The browser can check the intermediate cert is good because it knows about the root cert. Once it trusts the intermediate it can then use this to check and trust the web servers certificate.

So, for example, we can see the chain for www.google.com

certs

Here the website certificate has been signed by a Google CA, which has been signed by GeoTrust… and that is in the browser/OS certificate store and is trust. So the browser can verify the site is correct.

Certificate chaining mistakes are common in new SSL deployments, so it’s definitely worth verifying you get this correct!

What happens when a certificate expires?

Essentially nothing happens. However web browsers will start to complain. As part of their validation process they check the “not before” and “not after” dates inside the CA signed certificate and compares them to the local time. Once the certificate has expired then the browser will no longer trust it and will give the user a nasty scary looking screen.

certs

If the user decided to click on through then they can still get to your site, and it will still be encrypted… but don’t do this. Don’t encourage users to ignore these warnings. Make sure your cert is renewed in time!

What happens when a certificate is lost stolen?

It doesn’t matter if the signed cert is stolen; all that information is public. The important part is the private key that we generated all the way back at the beginning of this post while creating the CSR. This private key is what is used to prove communication is to the server, so if someone steals that then they can decrypt your data, or even impersonate you.

There are two ways a certificate can be revoked, and these are under the control of the CA:

  1. Certificate Revocation List (CRL). In this version the CA posts a complete list of revoked certificates. The CRL URI is in a field in the signed certificate so the client knows where to look.
    e.g.

            X509v3 CRL Distribution Points:
    
                Full Name:
                  URI:http://sr.symcb.com/sr.crl
    

    The client must download this list and then check for the serial number of the certificate to see if it has been revoked.
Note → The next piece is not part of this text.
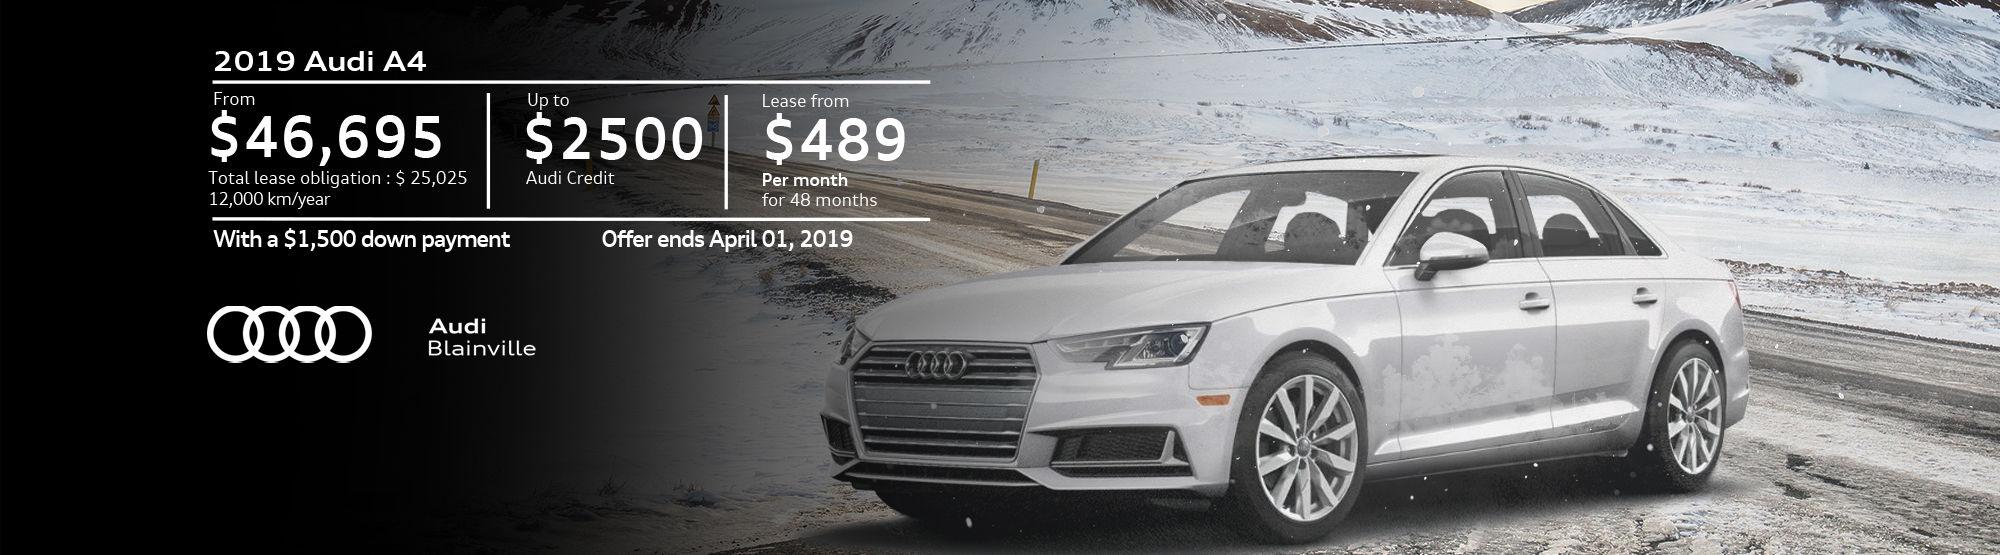 Audi A4 March 2019

The Symantec list mentioned here is currently 167K in size and contains 4700 entries so clients using this approach may cache data. (Of course expired certs may be removed from the CRL, helping to keep the size down).

  2. Online Certificate Status Protocol (OCSP). This version is more API oriented; rather than downloading a complete CRL the web browser can ask specifically for the state of the certificate. Again the URL is present in the signed certificate:

            Authority Information Access:
                OCSP - URI:http://sr.symcd.com
    

    Entries typically have a validity time associated with them, to tell the browser how long to cache the results for.
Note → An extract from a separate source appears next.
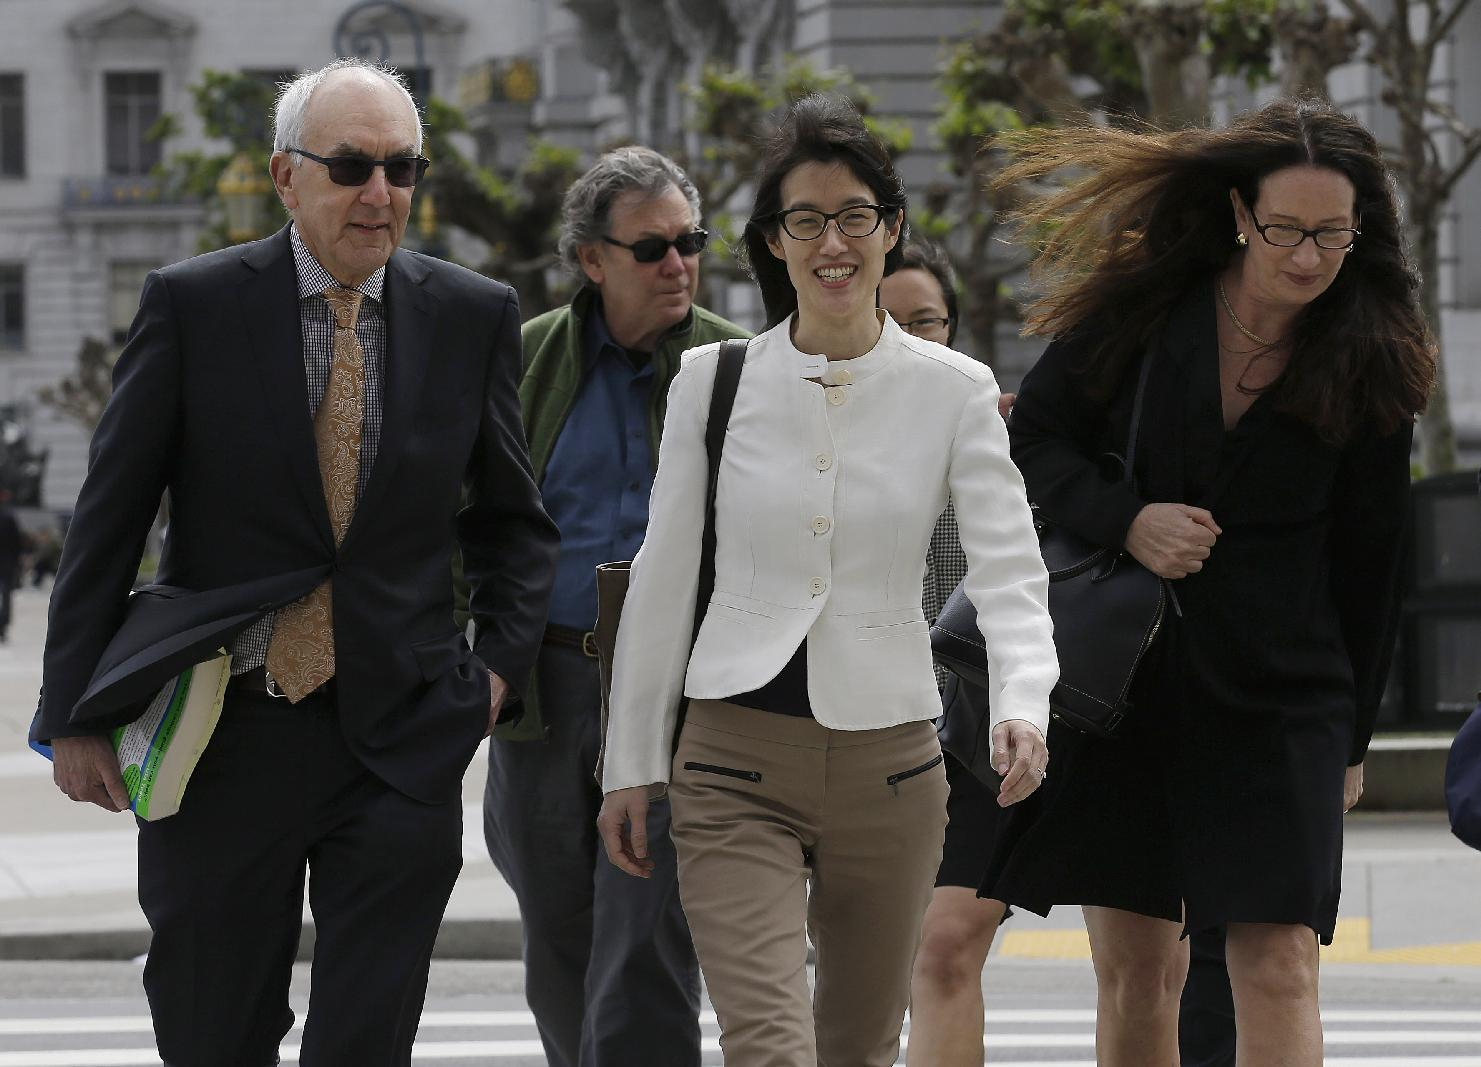 Experts: Sex bias case will embolden women despite verdict

    OCSP failures have been the cause of sites becoming unreachable and have some privacy concerns, so a version called OCSP stapling, where the web server presents a signed OCSP response. Apache documentation claims this doesn’t work properly for intermediate certs, but standard OCSP caching may help, here.

Unfortunately, revocation checking isn’t necessarily reliable nor as well performed as it should be. For example, Chrome doesn’t do OCSP at all, and claims to have its own method. It’s purely a function of the client and non-browser clients rarely perform all the validation (or, indeed, any validation) on the certificates.

Summary

This was meant to be a brief introduction to some of the features of an SSL certificate, but it grew a little large! There’s a lot of features available (and I didn’t even talk about client certs, mutual TLS, code signing certs…) and it can get a little complicated.
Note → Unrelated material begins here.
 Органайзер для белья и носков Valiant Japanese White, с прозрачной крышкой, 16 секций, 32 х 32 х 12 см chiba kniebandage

Fortunately modern tools such as Letsencrypt handle most of this for you (it can handle the key generation, the CSR, the Domain Validation, the chaining and the rotation when certificates are due to expire… magic!). In an enterprise world, companies such as Venafi can act as an interface to hide the complexity, and integrate with your CA of choice.

So, hopefully, most people won’t need to deal with these messy internals so much. But knowing about SSL certs and how they work for assigning identity to a machine will help understand their limitations and what considerations need to in any security model relying on them.